Given material:
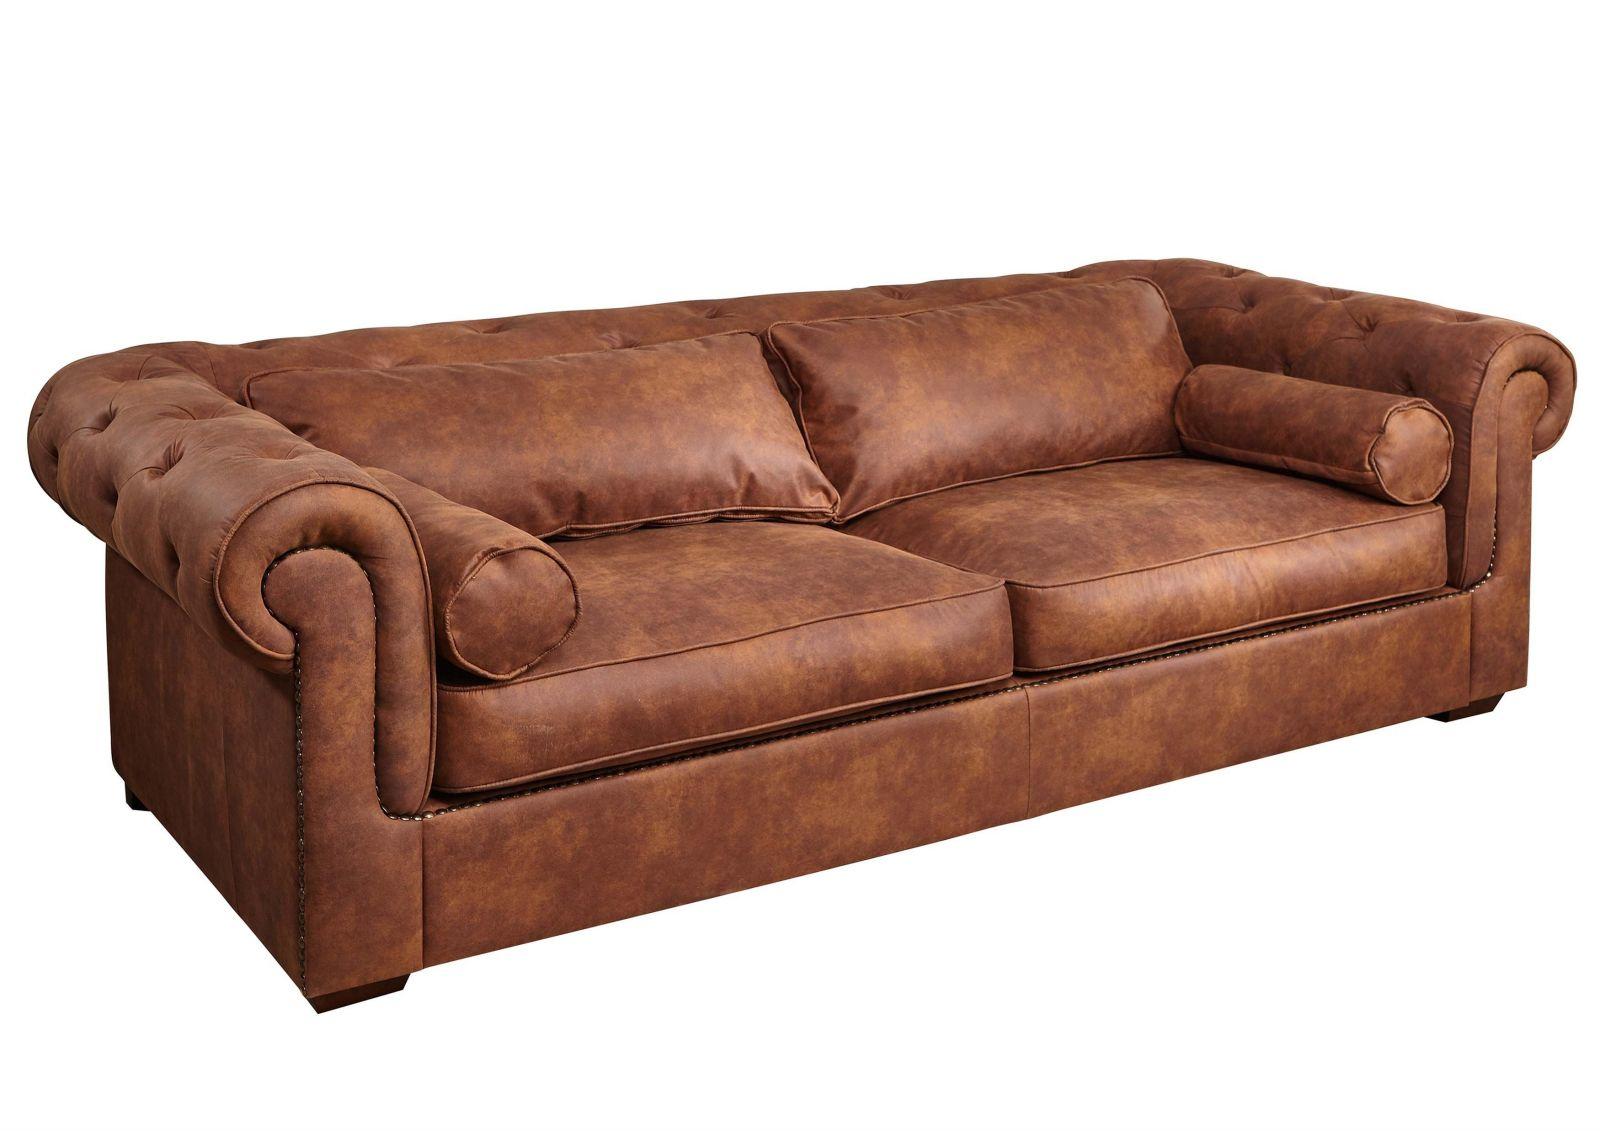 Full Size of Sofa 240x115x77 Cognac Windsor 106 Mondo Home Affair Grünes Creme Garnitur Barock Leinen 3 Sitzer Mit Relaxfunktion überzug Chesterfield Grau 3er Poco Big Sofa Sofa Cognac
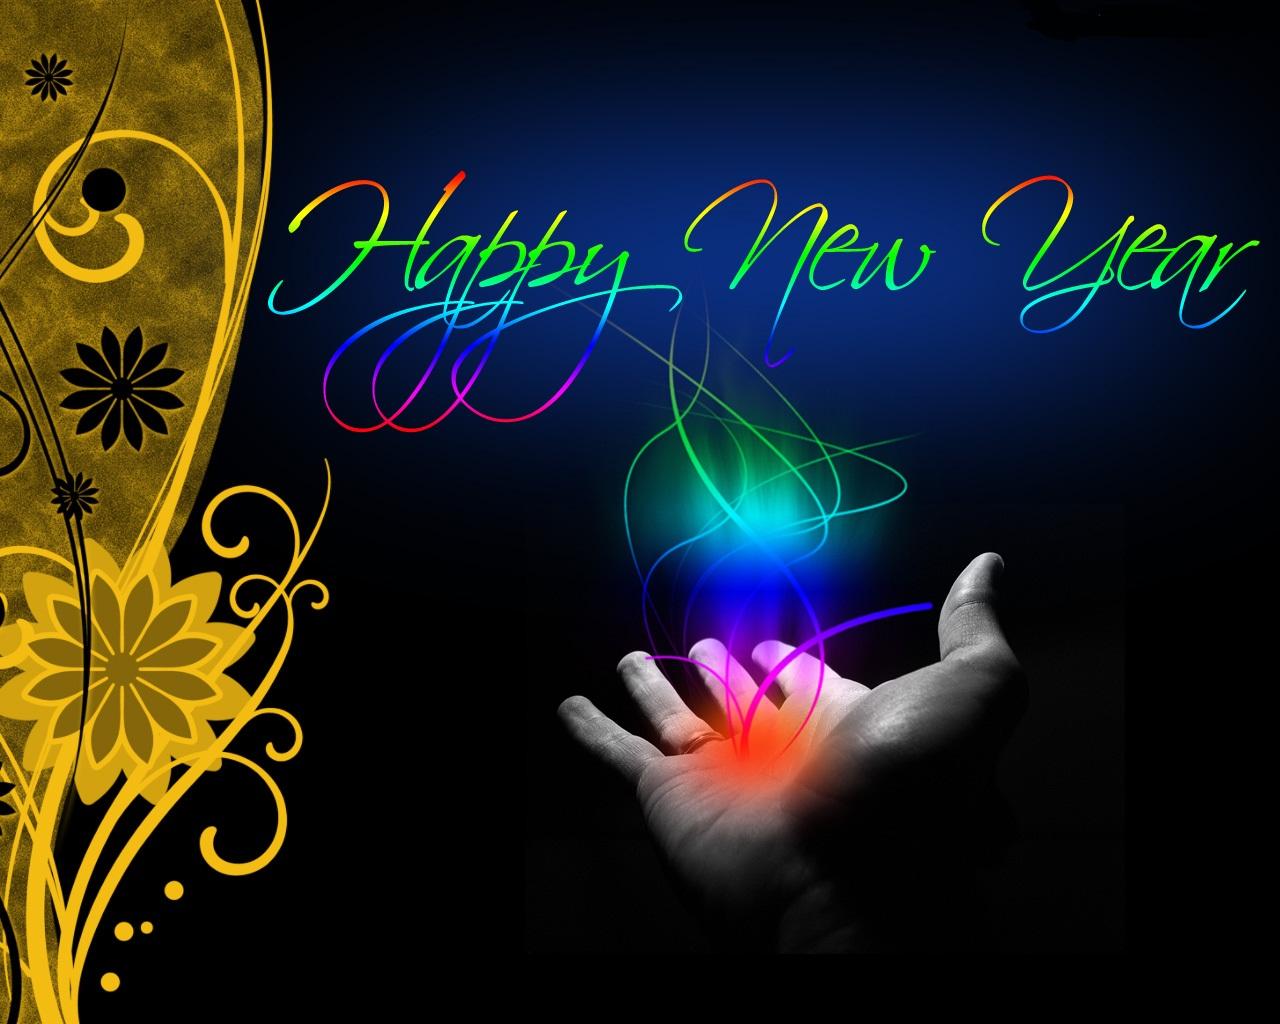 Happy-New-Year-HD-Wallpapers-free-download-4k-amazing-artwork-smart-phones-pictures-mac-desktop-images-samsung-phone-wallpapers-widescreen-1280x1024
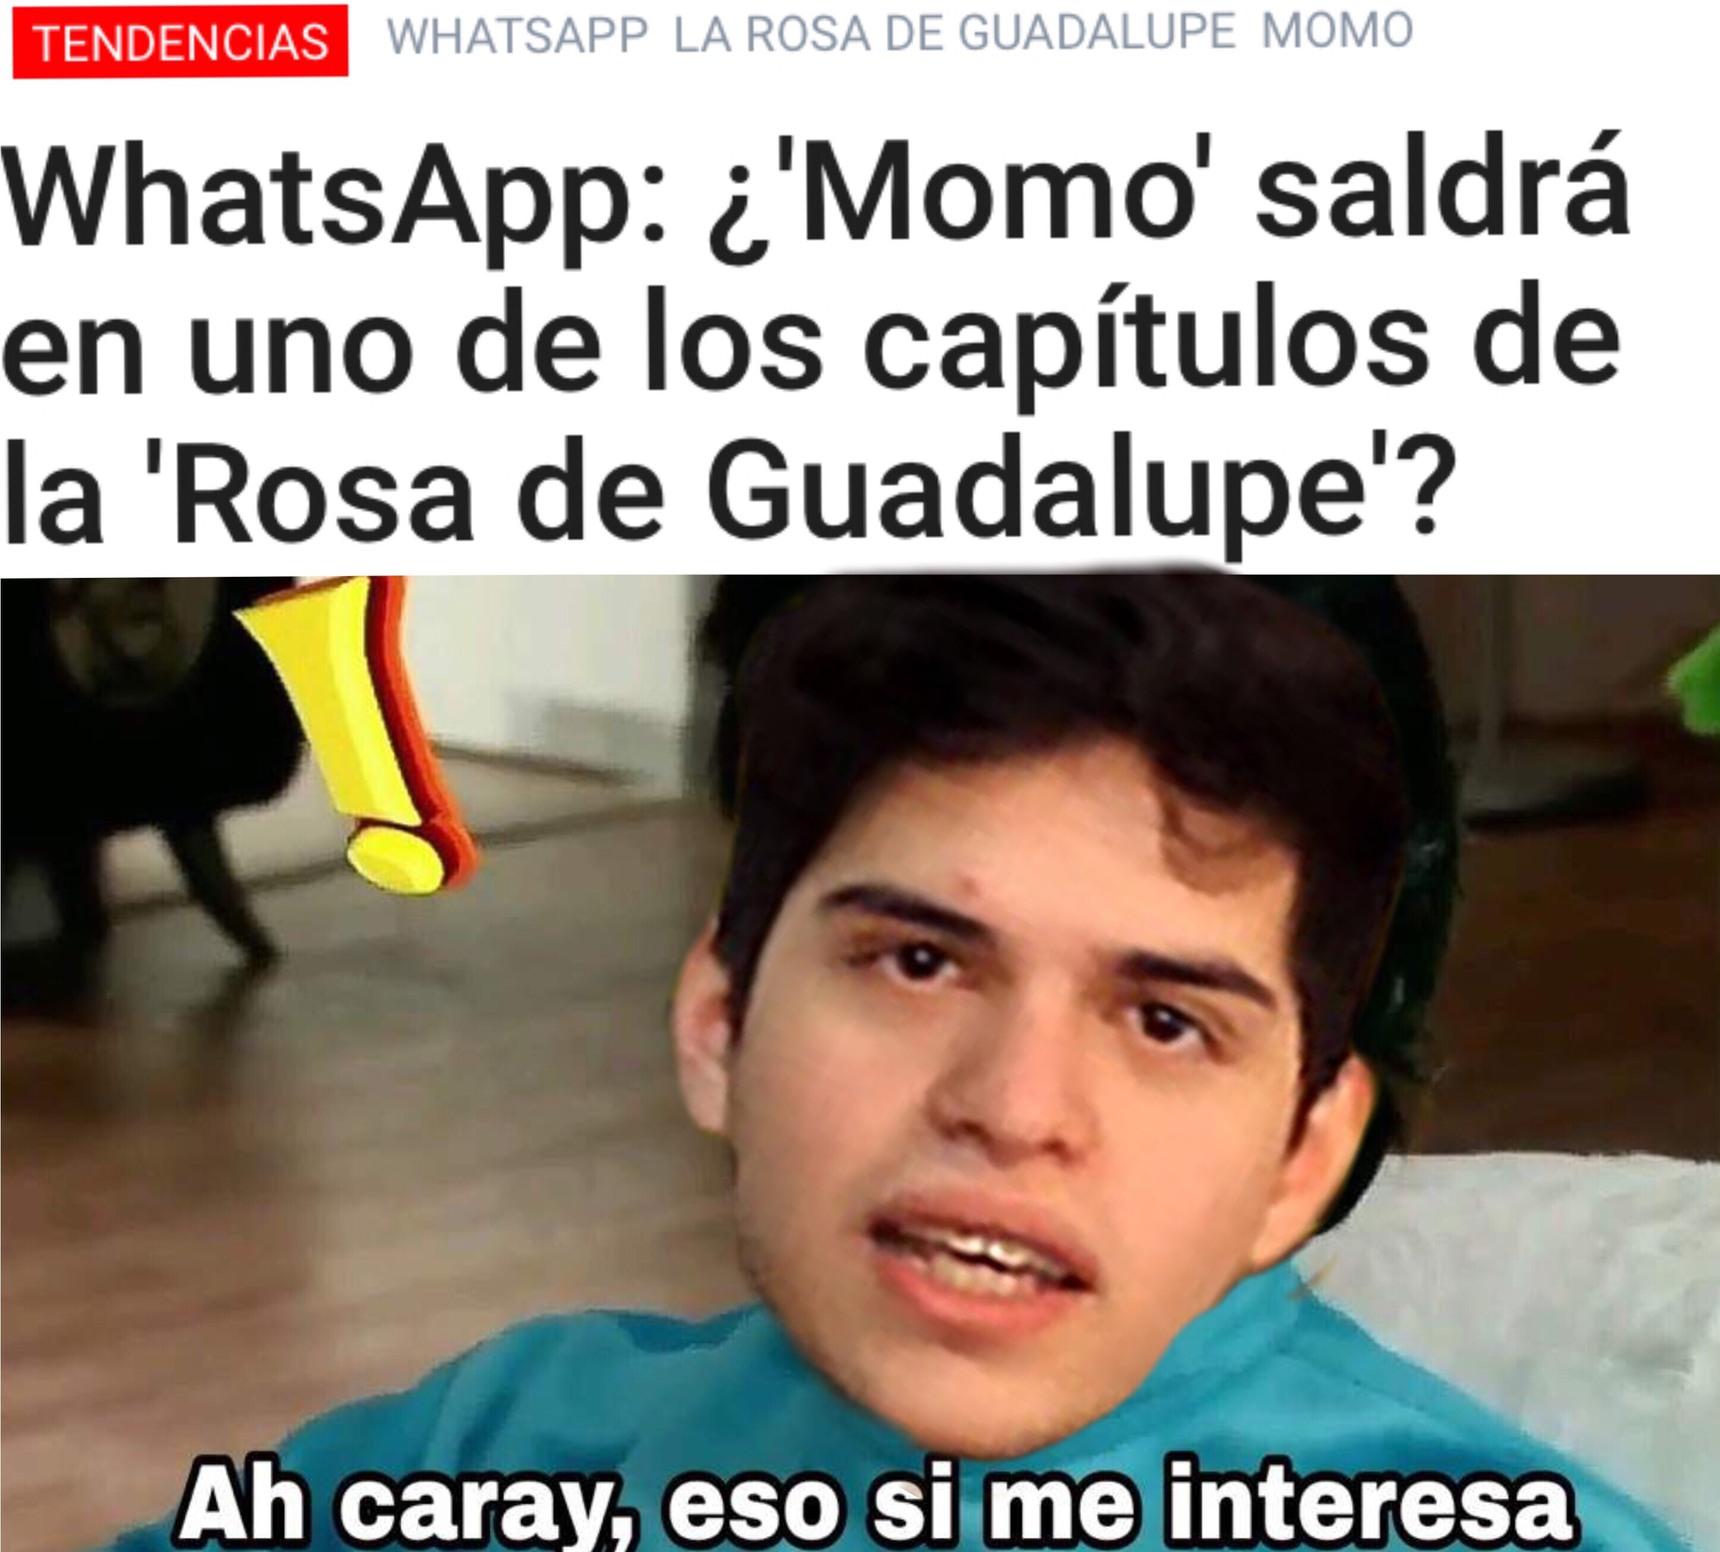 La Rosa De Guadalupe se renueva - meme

Your task: The whole listing above must be set down again exactly, but without its images.

Solution to this problem:
 Full Size of Sofa 240x115x77 Cognac Windsor 106 Mondo Home Affair Grünes Creme Garnitur Barock Leinen 3 Sitzer Mit Relaxfunktion überzug Chesterfield Grau 3er Poco Big Sofa Sofa Cognac
 Happy-New-Year-HD-Wallpapers-free-download-4k-amazing-artwork-smart-phones-pictures-mac-desktop-images-samsung-phone-wallpapers-widescreen-1280x1024
 La Rosa De Guadalupe se renueva - meme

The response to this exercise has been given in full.